Power Keys Strong-Mayor Debate Eugster, Greene Argue Pros, Cons Of Sept. 17 Initiative Before Nearly 200
While there wasn’t any haggling over creationism, God’s name did come up during a Friday morning debate over Spokane’s proposed strong-mayor initiative.
“The mayor in this system has more power than God,” predicted Spokane City Councilwoman Roberta Greene. “You’ve got four years to live with that person.”
“To think that somehow this mayor is more powerful than God is absolutely absurd,” shot back attorney Steve Eugster. “There are substantive checks and balances.”
Eugster and Greene faced off for an often-lively discussion of the initiative that would toss out the city manager in favor of a mayor who serves as top administrator.
The debate sponsored by the Spokane Chamber of Commerce attracted nearly 200 people who dined on waffles, eggs and fruit at the Red Lion City Center Hotel.
Eugster drafted the proposal that goes before voters Sept. 17. Under the plan, the mayor would earn at least $80,000 and not a penny less than the highest-paid city employee. The mayor also could appoint department heads, as well as someone to oversee day-to-day business.
A seven-member council would include five members elected by district and two elected at-large. The mayor could veto council decisions, but the council could override those with five votes.
Before the debate began, Greene said she was arguing the issue as a private individual - not a council member. Besides, she said, “I’m not against the strong mayor. I’m just presenting arguments in favor of what we have.”

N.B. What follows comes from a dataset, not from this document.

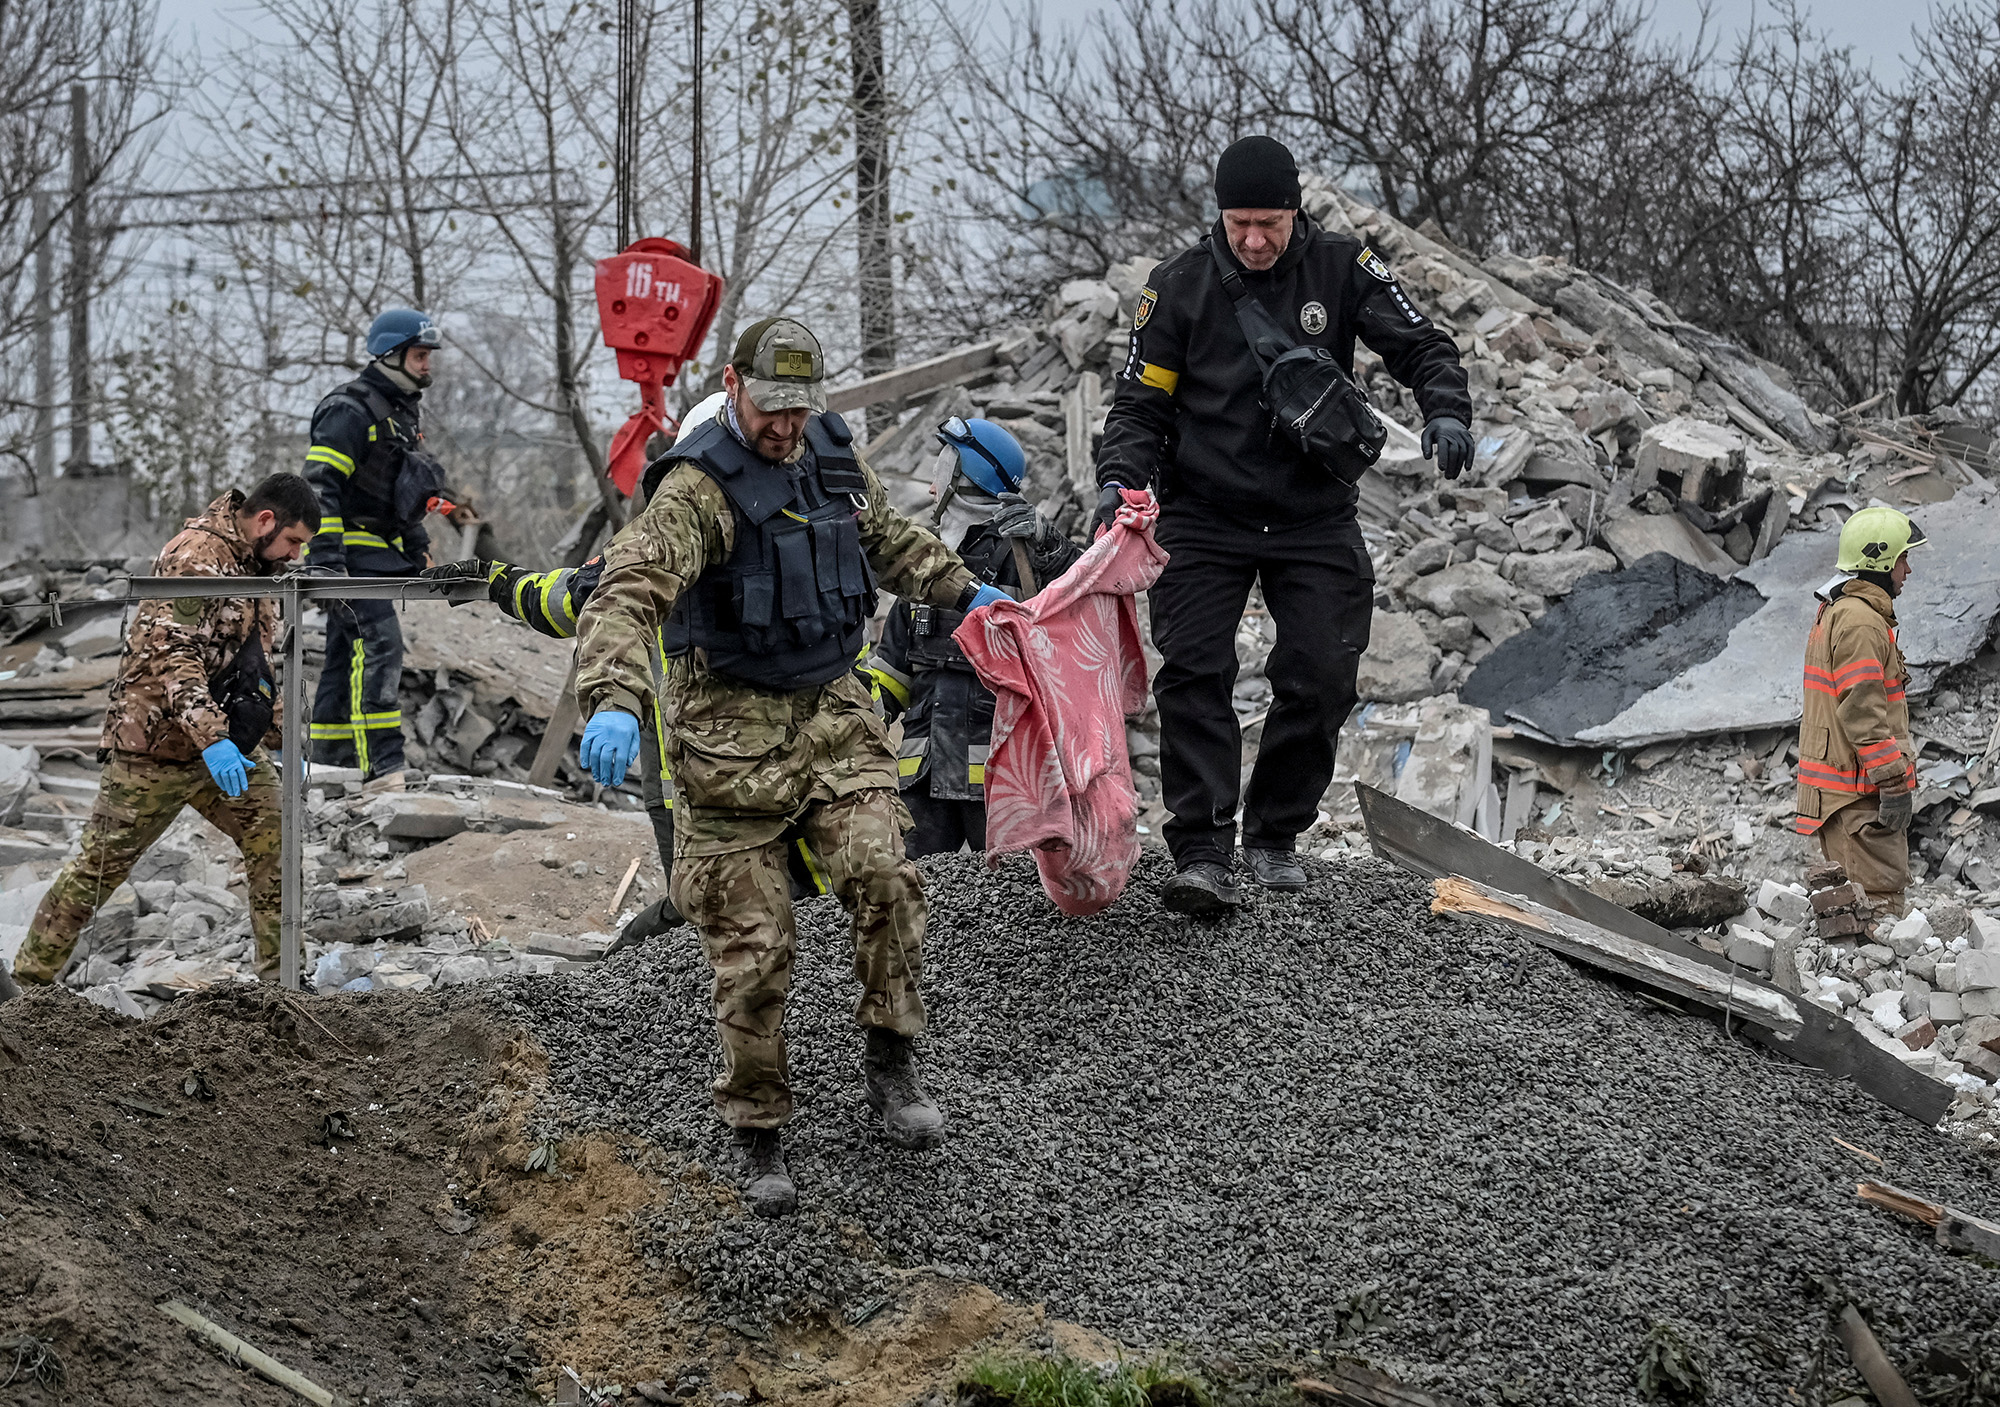 Police officers carry fragments of a body found under debris of a residential house destroyed by a Russian missile strike in the town of Vilniansk, Zaporizhzhia region, Ukraine, on November 17.

What Spokane has is a city-manager government that is “economical, efficient … and excellent in administering the services you all require,” Greene said.
She offered several reasons for favoring the current system, including:
A city manager can be fired by the council any day of the year. To rid the city of the strong mayor would take recall or re-election.
The strong-mayor system concentrates too much power into a single person’s hands.
The system could easily fall victim to patronage. “I have a brother with a master’s from MIT in science,” Greene said. “I could call him and say, ‘Come on over.”’
Eugster countered that Civil Service protects against patronage, not the city manager system that he considers “ineffective.”
“Aren’t you getting a little tired of hiring consultants for every decision the city makes?” he said.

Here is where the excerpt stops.